BRIEF: Output the entries word for word. Omit images.

___ INFORMATION SUPPLIED ___

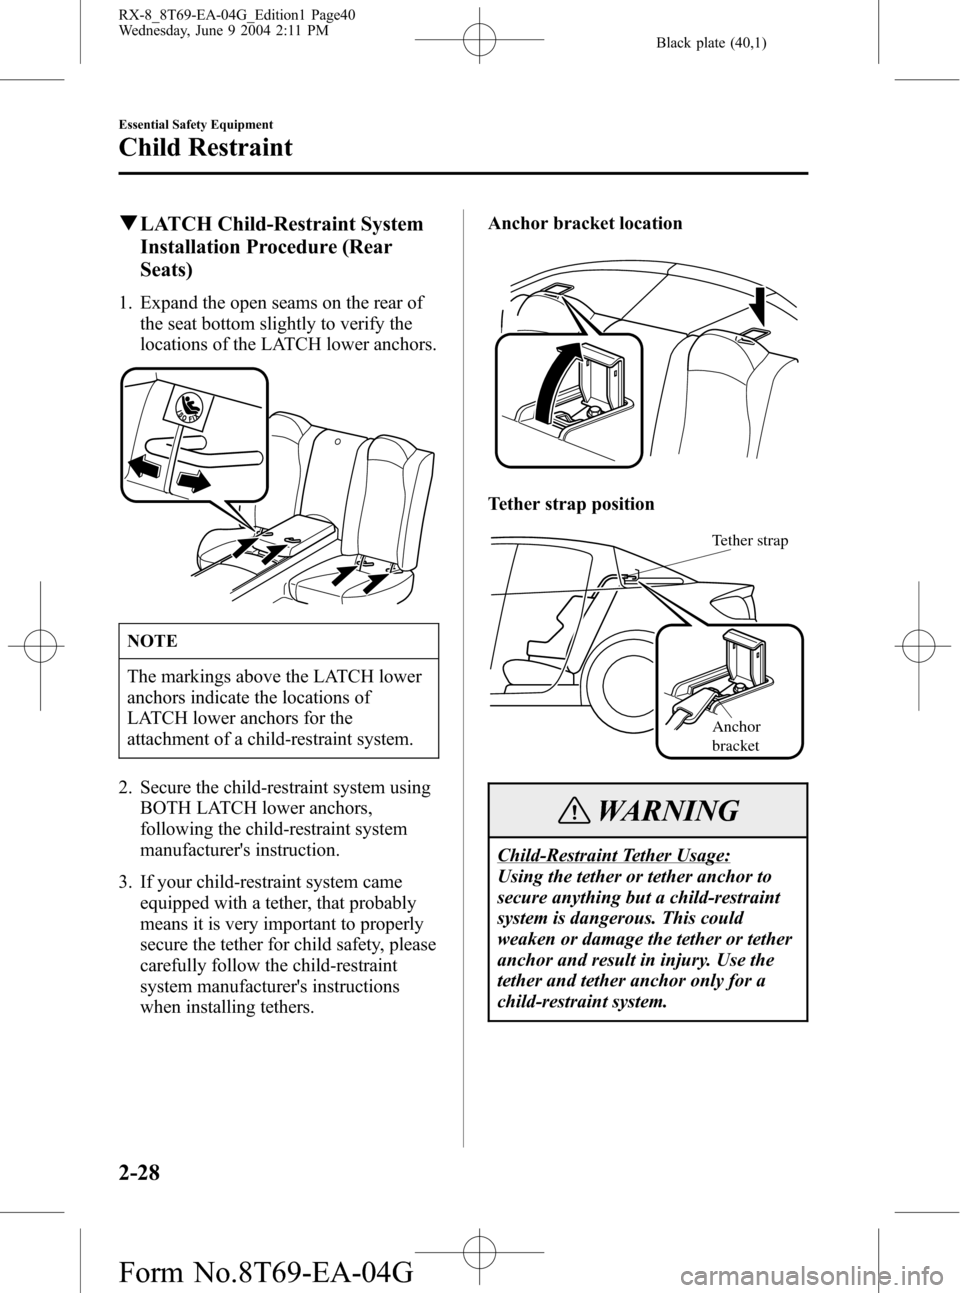 MAZDA MODEL RX 8 2005  Owners Manual (in English) Black plate (40,1)
qLATCH Child-Restraint System
Installation Procedure (Rear
Seats)
1. Expand the open seams on the rear of
the seat bottom slightly to verify the
locations of the LATCH lower anchors
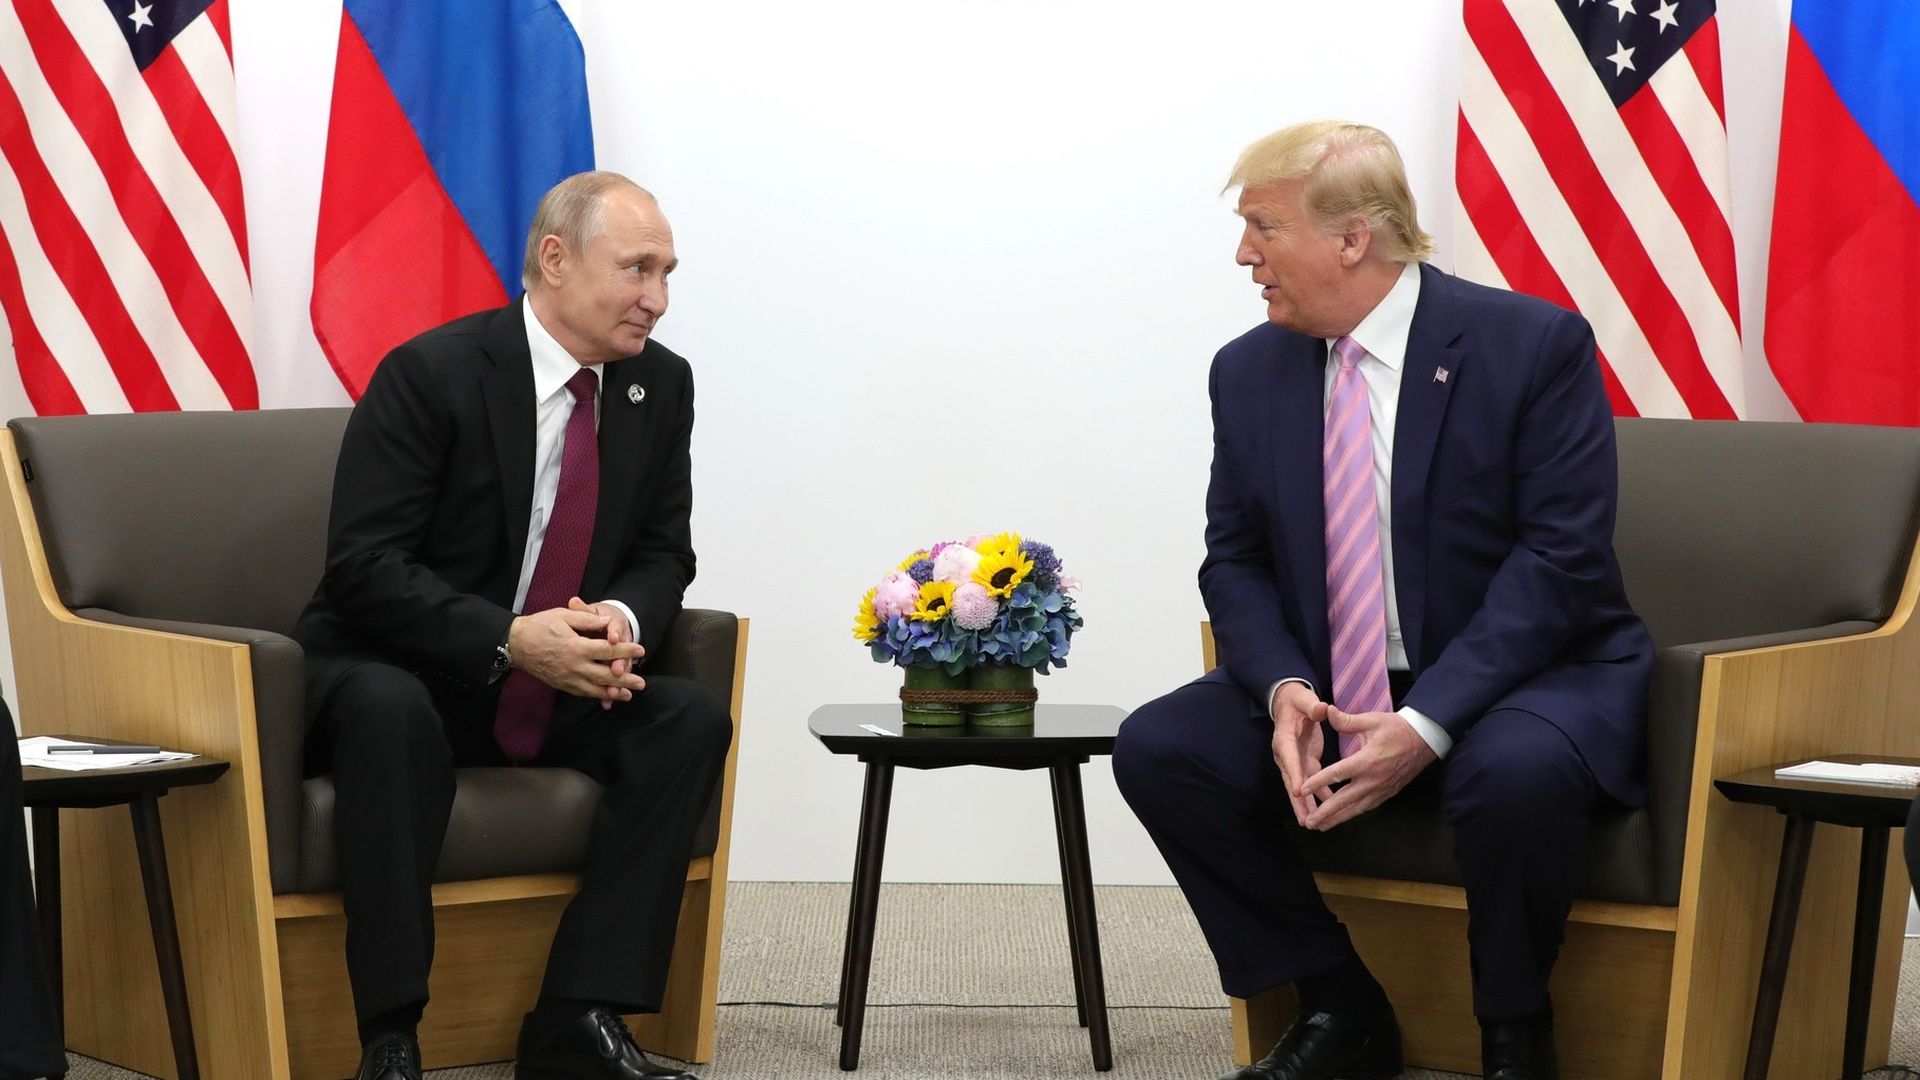 Vladimir Putin and Donald Trump speak to each other while seated

___

RESULT:
 MAZDA MODEL RX 8 2005  Owners Manual (in English) Black plate (40,1)
qLATCH Child-Restraint System
Installation Procedure (Rear
Seats)
1. Expand the open seams on the rear of
the seat bottom slightly to verify the
locations of the LATCH lower anchors
 Vladimir Putin and Donald Trump speak to each other while seated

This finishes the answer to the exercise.